6. A Faulty Main Control Valve

Possibly the rarest problem you can encounter.

You’re advised to first check the pilot tube, thermocouple, and flex tube before you start tampering with this part. The Main Control Valve Unit hardly ever crashes.

However, don’t rule it out just yet, it might be the reason why your water pilot keeps going out.

The Main Control Valve is responsible for regulating the heater’s gas and water pressure. It’s the soul of your water heater.

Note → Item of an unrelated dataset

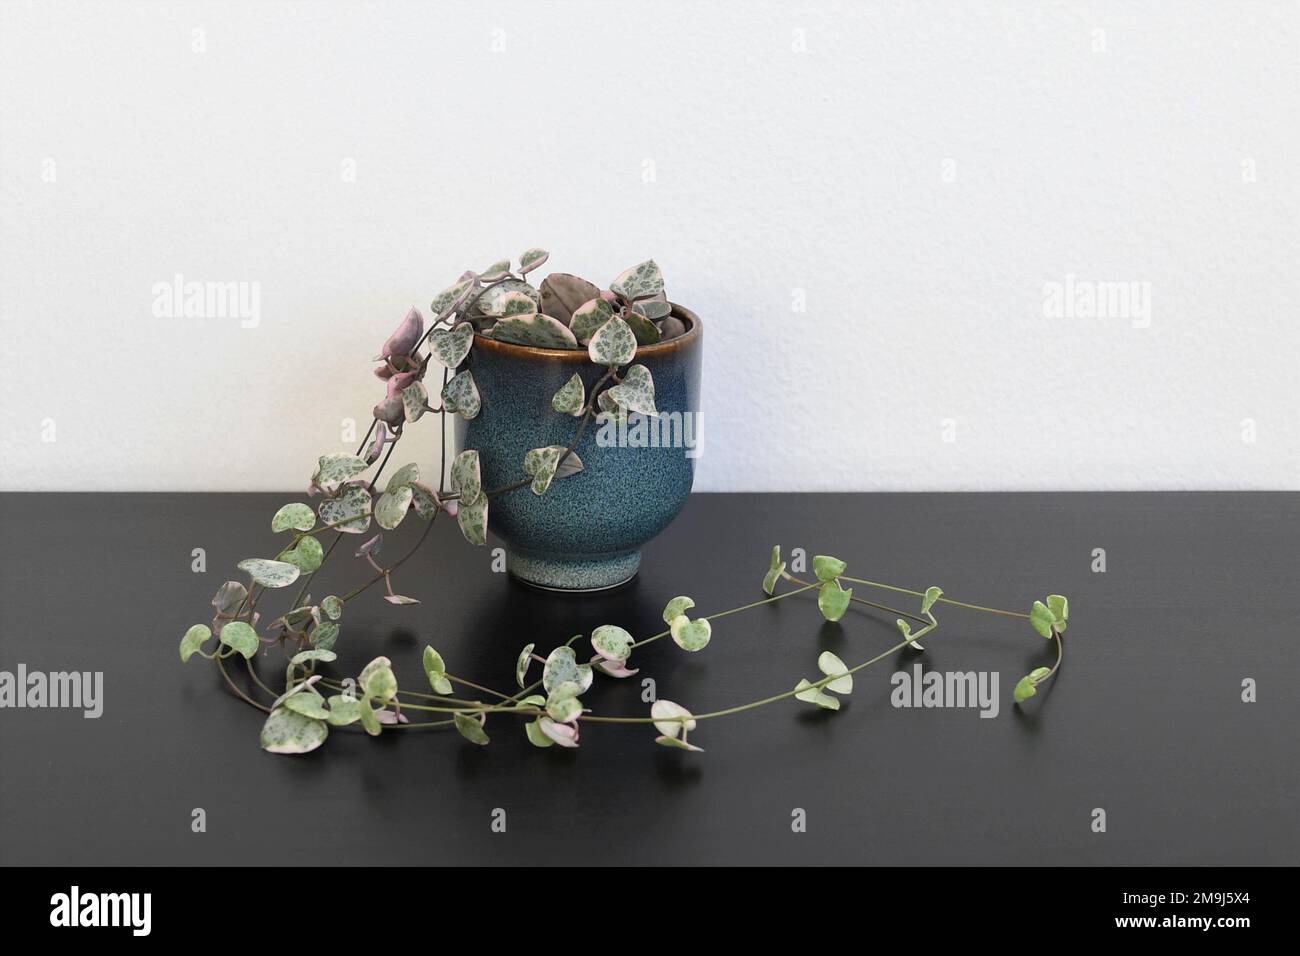 Verschiedene Herzschnur Hauspflanze (Ceropagia woodii variegata), in einem blauen Topf. Weinpflanze mit grünen, rosa und silbernen Blättern. Stockfoto

It starts the whole process by first supplying a small amount of gas to the pilot light. If the gas is lit, it fully opens the main valve to provide a steady supply of gas.

A faulty main control valve will unexpectedly close the gas valve, cut the gas supply, and create a weak flickering flame.

Signs of a faulty main control valve include:

  • A faulty pilot button that doesn’t pop up after pressing
  • A faulty control knob
  • You experience extremely hot water more than the specified temperature range

The solution: There is no way around a faulty main control valve. Although there are technicians who claim to be able to fix this, manufacturers strongly advise against it.

You’re advised to replace the part to avoid recurring costs and damaging other parts of your water heater.

7. Poor Electrical Wiring

This is usually a problem with electric water heaters.

It’s one of the reasons you should always hire a technician to install your water heater. The first sign of a faulty electrical system is if your water heater suddenly shuts down.

The Solution: Immediately switch off your water heater and call a technician. Please don’t mess with the wiring system.

Our Final Word

Call in the big guns (technicians) if all your attempts fail and your pilot light keeps going out.

We know… We know… Technicians are a bit expensive, but at least you’ll be more confident with the repairs. In addition to that, we all know just how dangerous electricity and gas can be. Your safety is paramount.